Further, job-scheduling in Hadoop involves an inherent delay, which is problematic for small jobs that need fast results. And a fixed configuration of “map” and “reduce” slots means Hadoop clusters run inefficiently when jobs don’t fit into the remaining slots or when they’re not MapReduce jobs at all.
Corona resolves some of these problems by creating individual job trackers for each job and a cluster manager focused solely on tracking nodes and the amount of available resources. Thanks to this simplified architecture and a few other changes, the latency to get a job started is reduced and the cluster manager can make fast scheduling decisions because it’s not also responsible for tracking the progress of running jobs. Corona also incorporates a feature that divvies a cluster into resource pools to ensure every group within the company gets its fair share of resources.

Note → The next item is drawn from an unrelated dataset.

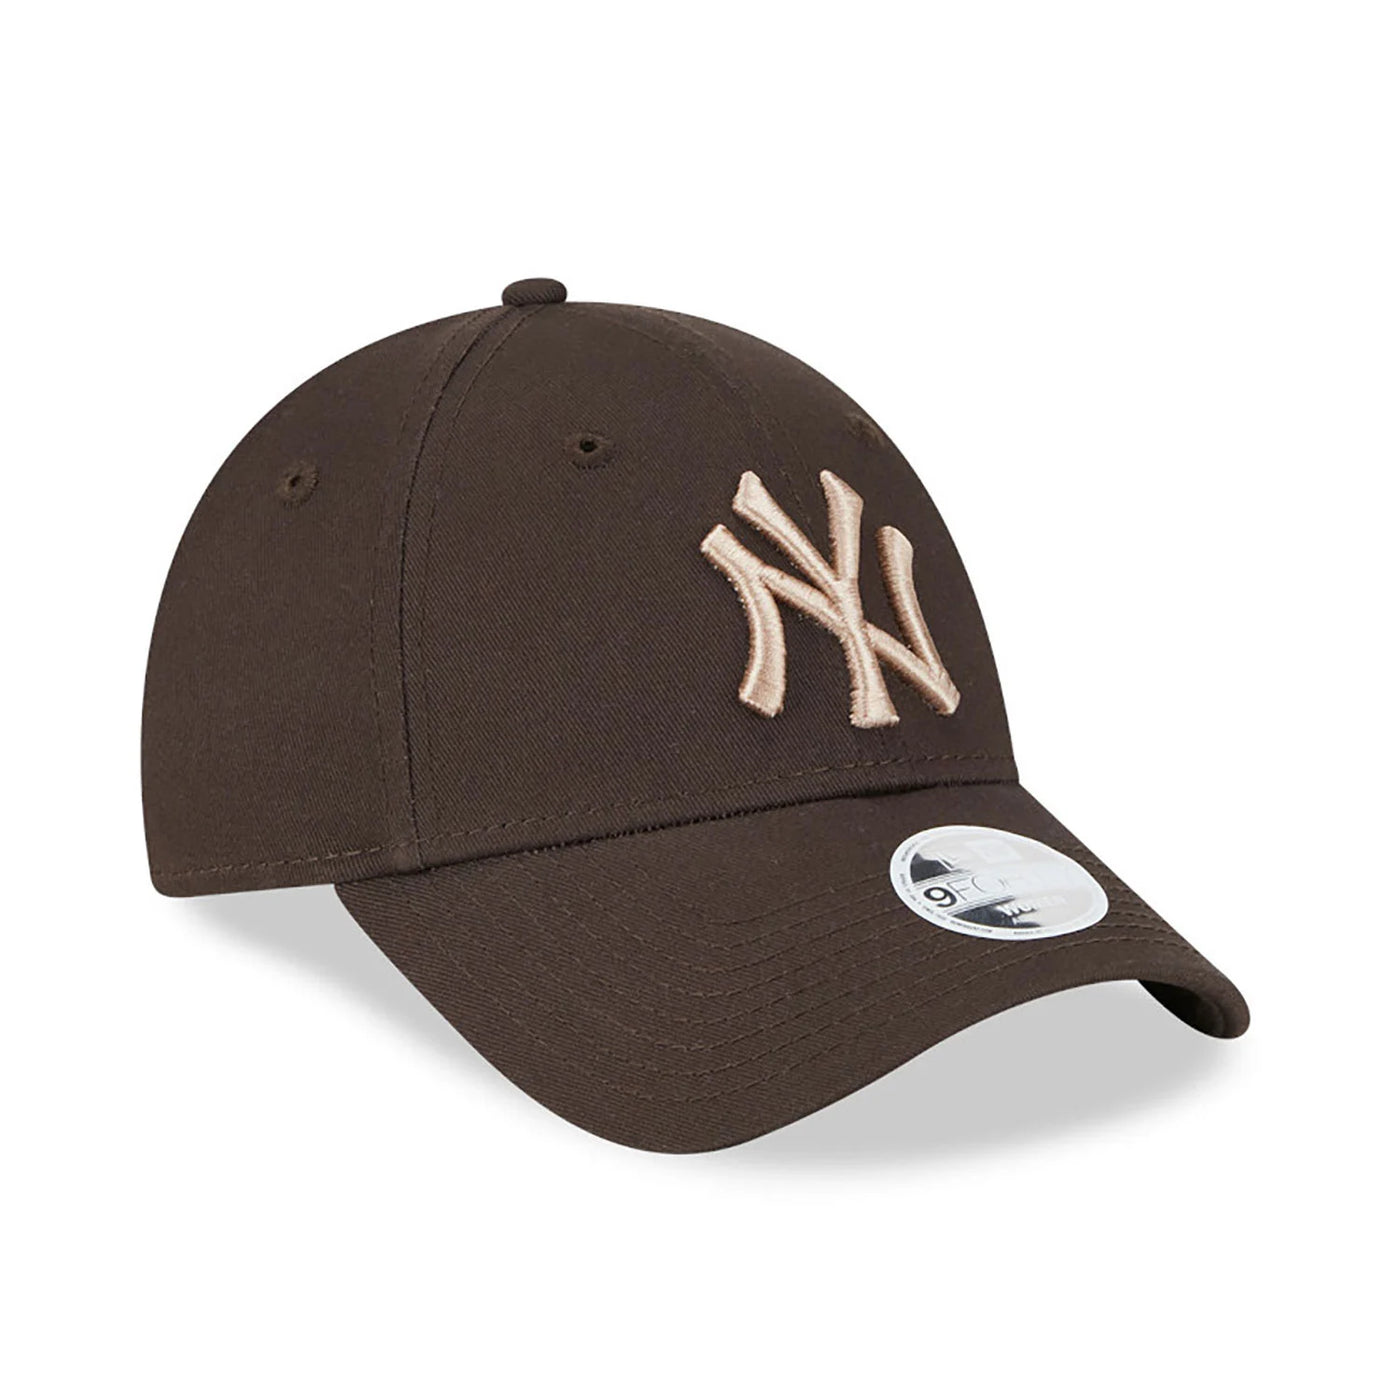 CAPPELLO 9FORTY NEW YORK YANKEES LEAGUE ESSENTIAL NEW ERA DONNA

The results have lived up to expectations since Corona went into full production in mid-2012: the average time to refill idle resources improved by 17 percent; resource utilization over regular MapReduce improved to 95 percent from 70 percent (in a simulation cluster); resource unfairness dropped to 3.6 percent with Corona versus 14.3 percent with traditional MapReduce; and latency on a test job Facebook runs every four minutes has been
Despite the hard work put into building and deploying Corona, though, the project still was a way to go. One of the biggest improvements currently being developed is to enable resource management based on CPU, memory and other job requirements rather than just the number of “map” and “reduce” slots needed. This will open Corona up to running non-MapReduce jobs, therefore making a Hadoop cluster more of a general-purpose parallel computing cluster.
Facebook is also trying to incorporate online upgrades, which would mean a cluster doesn’t have to come down every time part of the management layer undergoes an update.
Why Facebook sometimes must re-invent the wheel
Anyone deeply familiar with the Hadoop space might be thinking that a lot of what Facebook has done with Corona sounds familiar — and that’s because it kind of is. The Apache YARN project that has been integrated into the latest version of Apache Hadoop similarly splits the JobTracker into separate cluster-management and job-tracking components, and already allows for non-MapReduce workloads. Further, there is a whole class of commercial and open source cluster-management tools that have their own solutions to the problems Corona tries to solve, including Apache Mesos, which is Twitter’s tool of choice.
However, anyone who’s familiar with Facebook knows the company isn’t likely to buy software from anyone. It also has reached a point of customization with its Hadoop environment where even open-source projects from Apache won’t be easy to adapt to Facebook’s unique architecture. From the blog post:
It’s worth noting that we considered Apache YARN as a possible alternative to Corona. However, after investigating the use of YARN on top of our version of HDFS (a strong requirement due to our many petabytes of archived data) we found numerous incompatibilities that would be time-prohibitive and risky to fix. Also, it is unknown when YARN would be ready to work at Facebook-scale workloads.
So, Facebook plods forward, a Hadoop user without equal (save for maybe Yahoo) left building its own tools in isolation. What will be interesting to watch as Hadoop adoption picks up and more companies beging building applications atop it is how many actually utilize the types of tools that companies like Facebook, Twitter and Quantcast have created and open sourced. They might not have commercial backers behind them, but they’re certainly built to work well at scale.
Feature image courtesy of Shutterstock user Johan Swanepoel.